##### Given records

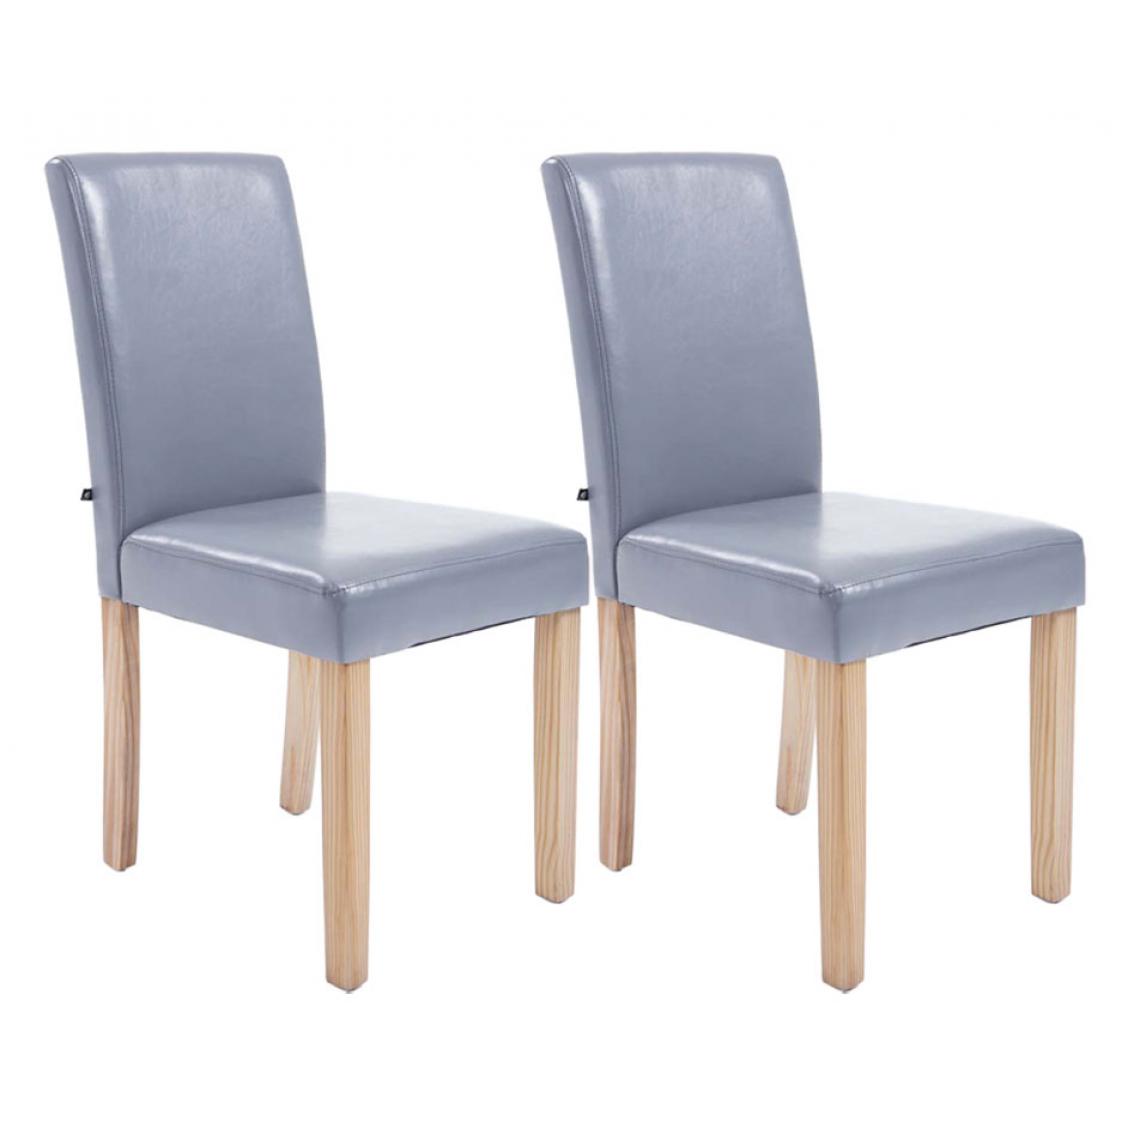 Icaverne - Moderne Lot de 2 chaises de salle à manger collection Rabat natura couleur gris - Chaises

##########
##### Given records

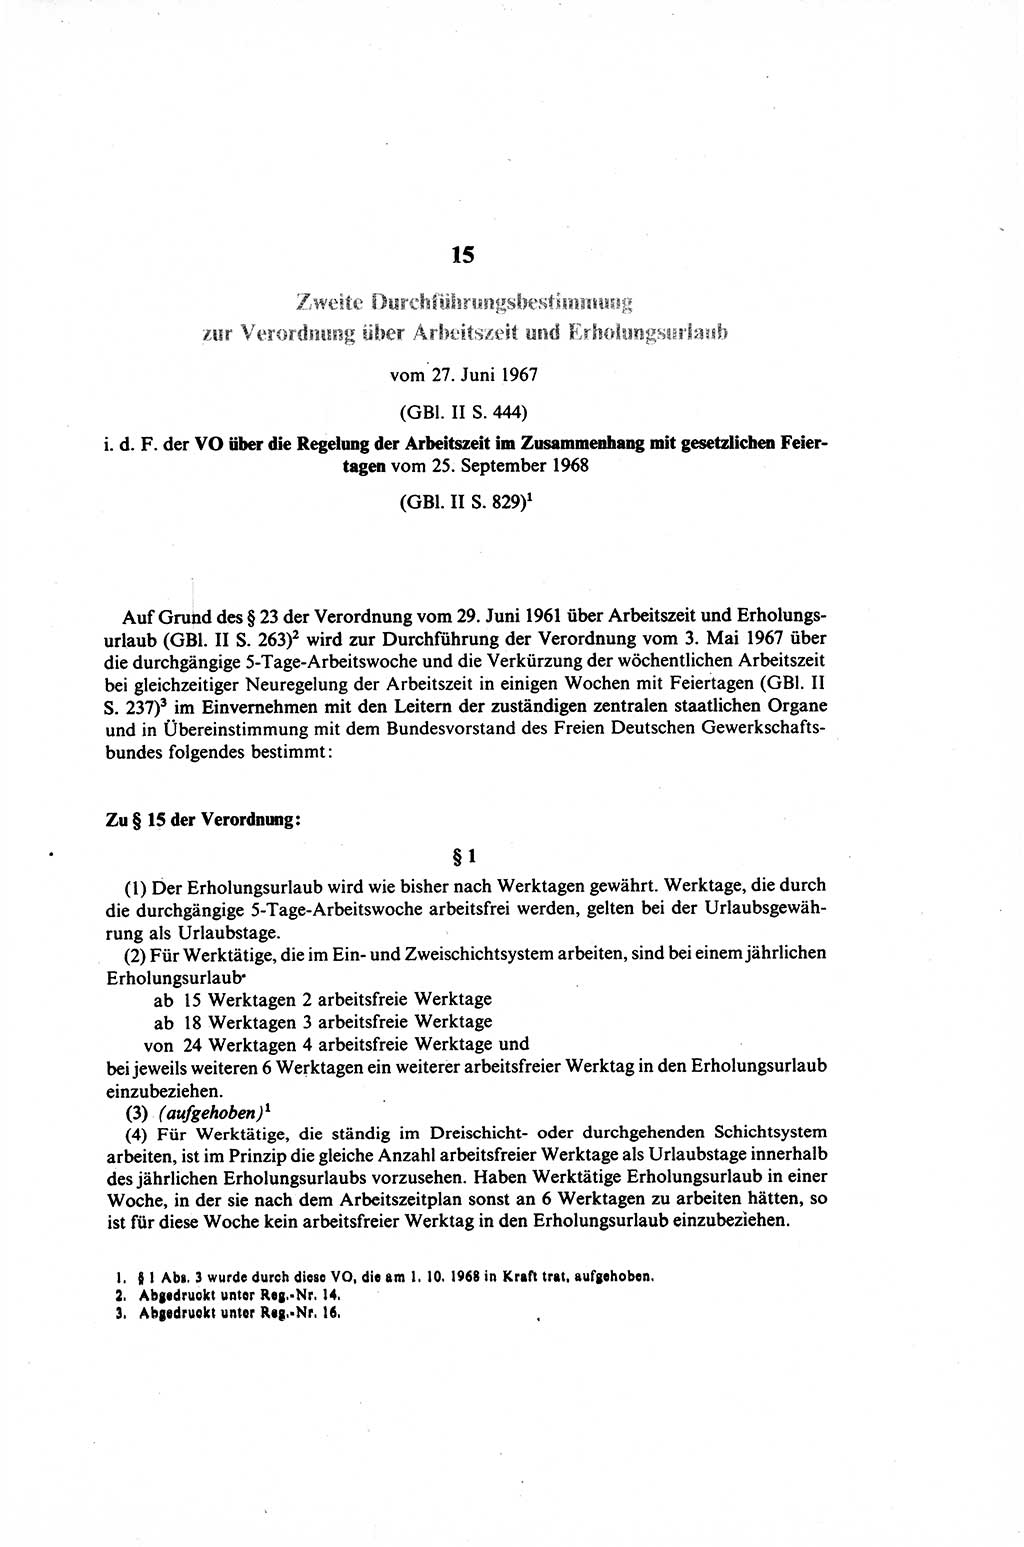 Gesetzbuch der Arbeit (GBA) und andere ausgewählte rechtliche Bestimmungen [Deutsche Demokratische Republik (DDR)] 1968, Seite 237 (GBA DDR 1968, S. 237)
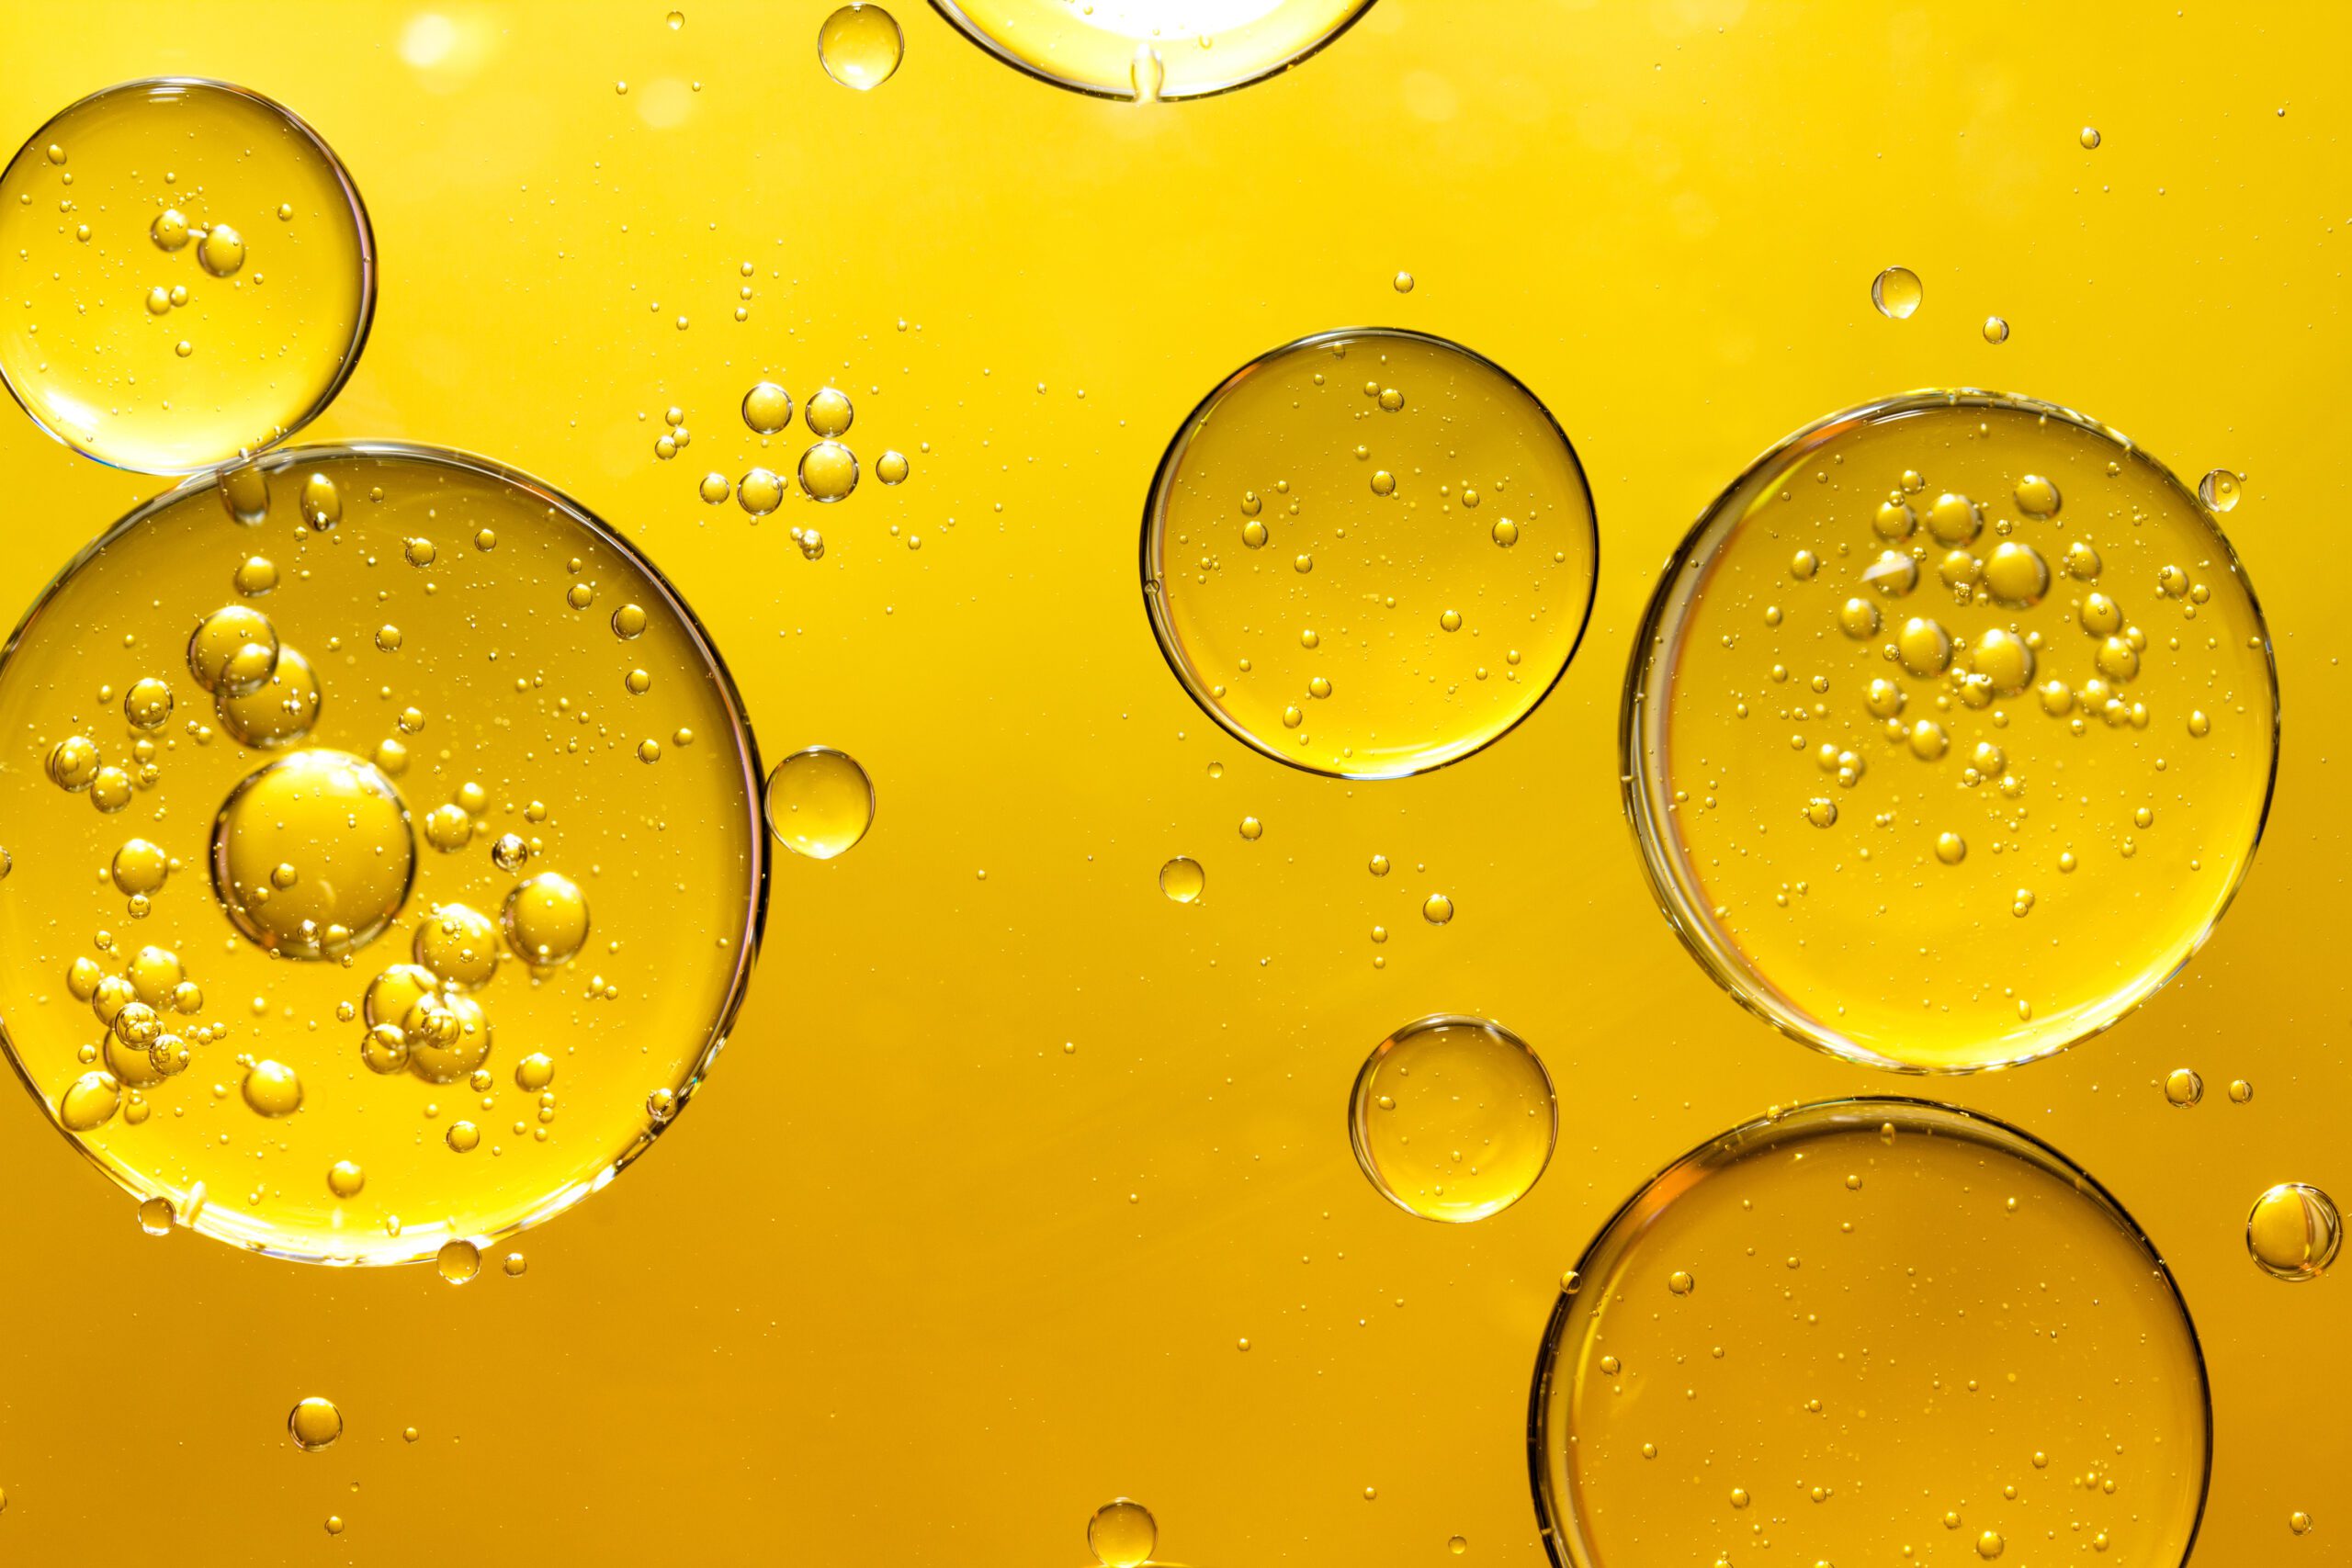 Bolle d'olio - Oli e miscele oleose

##########
##### Given records

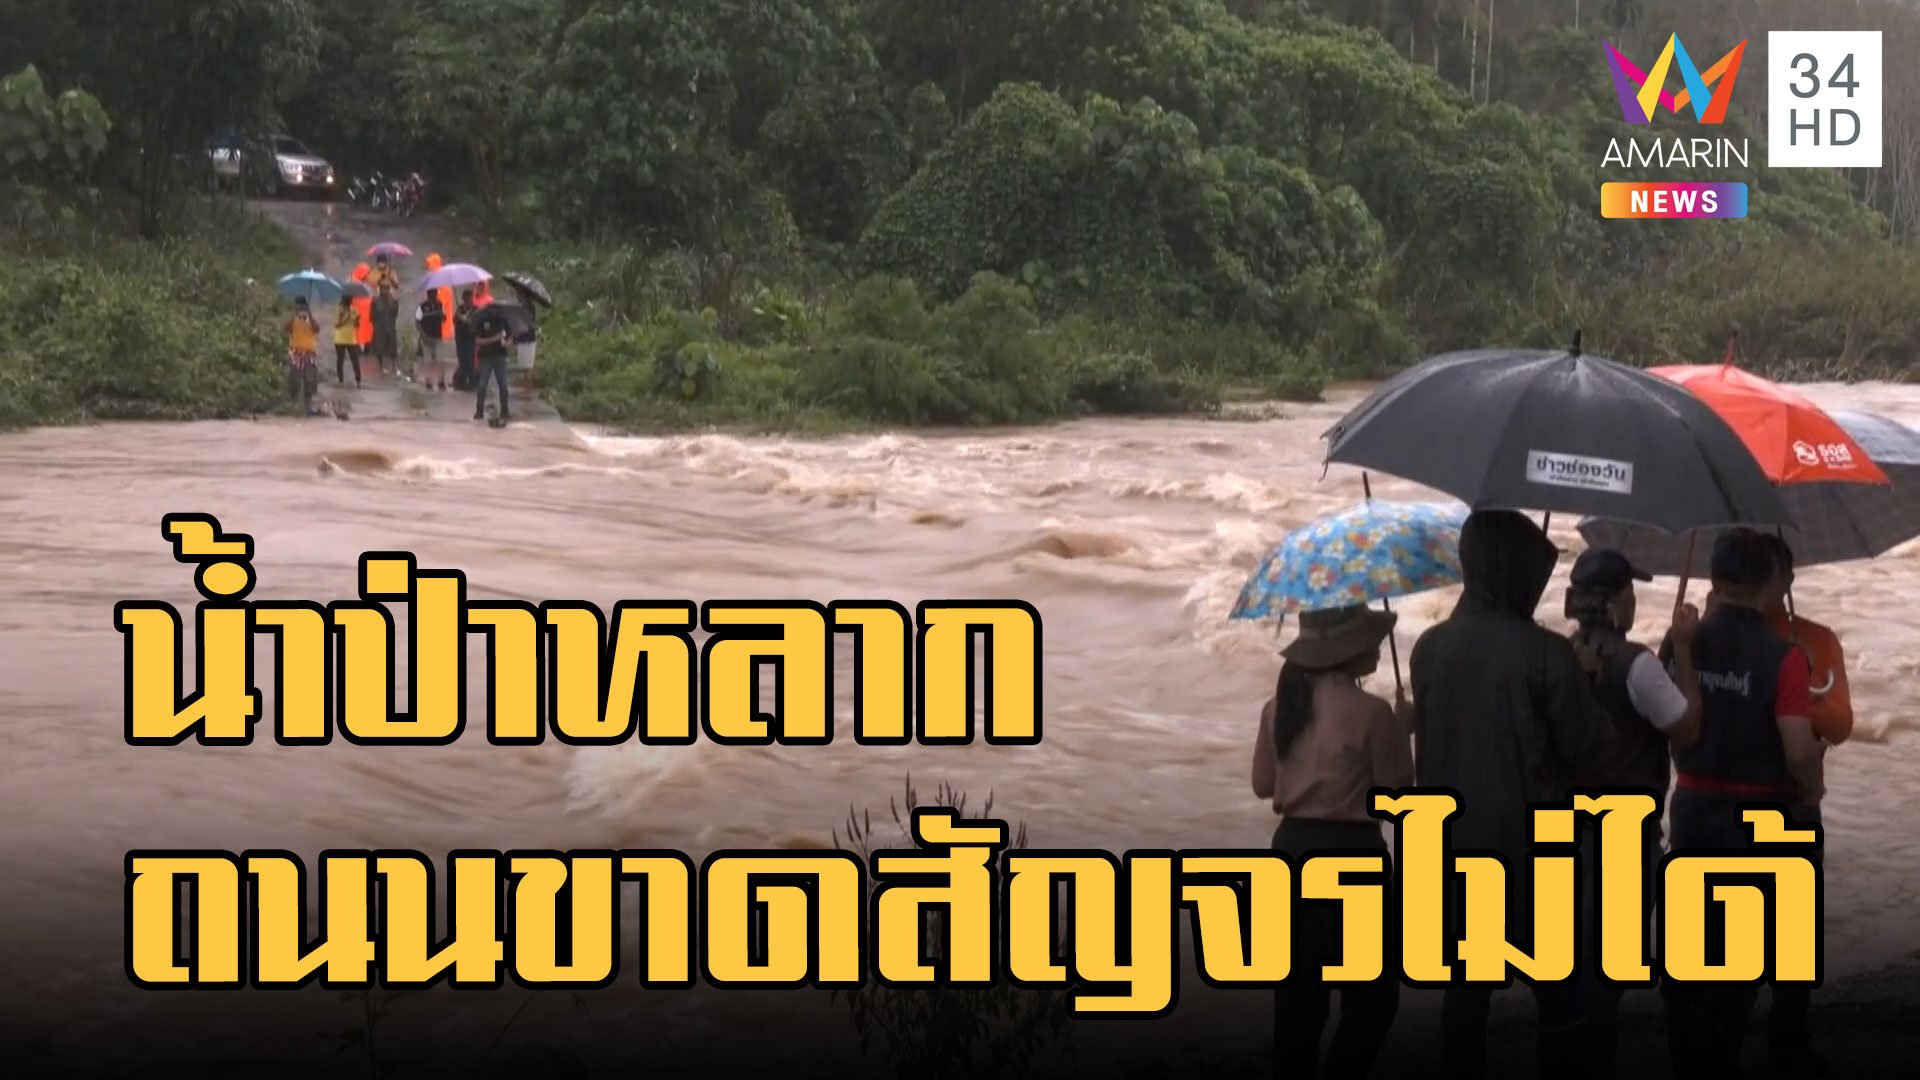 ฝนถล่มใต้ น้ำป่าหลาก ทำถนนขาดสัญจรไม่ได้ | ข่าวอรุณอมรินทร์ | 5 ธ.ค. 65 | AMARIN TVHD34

##########

Look above for the line containing "Gesetzbuch der Arbeit", then copy exactly from it through the line containing "Bolle d'olio - Oli e miscele oleose", keeping both and leaving out pictures. Add nothing else.

Reply
 Gesetzbuch der Arbeit (GBA) und andere ausgewählte rechtliche Bestimmungen [Deutsche Demokratische Republik (DDR)] 1968, Seite 237 (GBA DDR 1968, S. 237)
 Bolle d'olio - Oli e miscele oleose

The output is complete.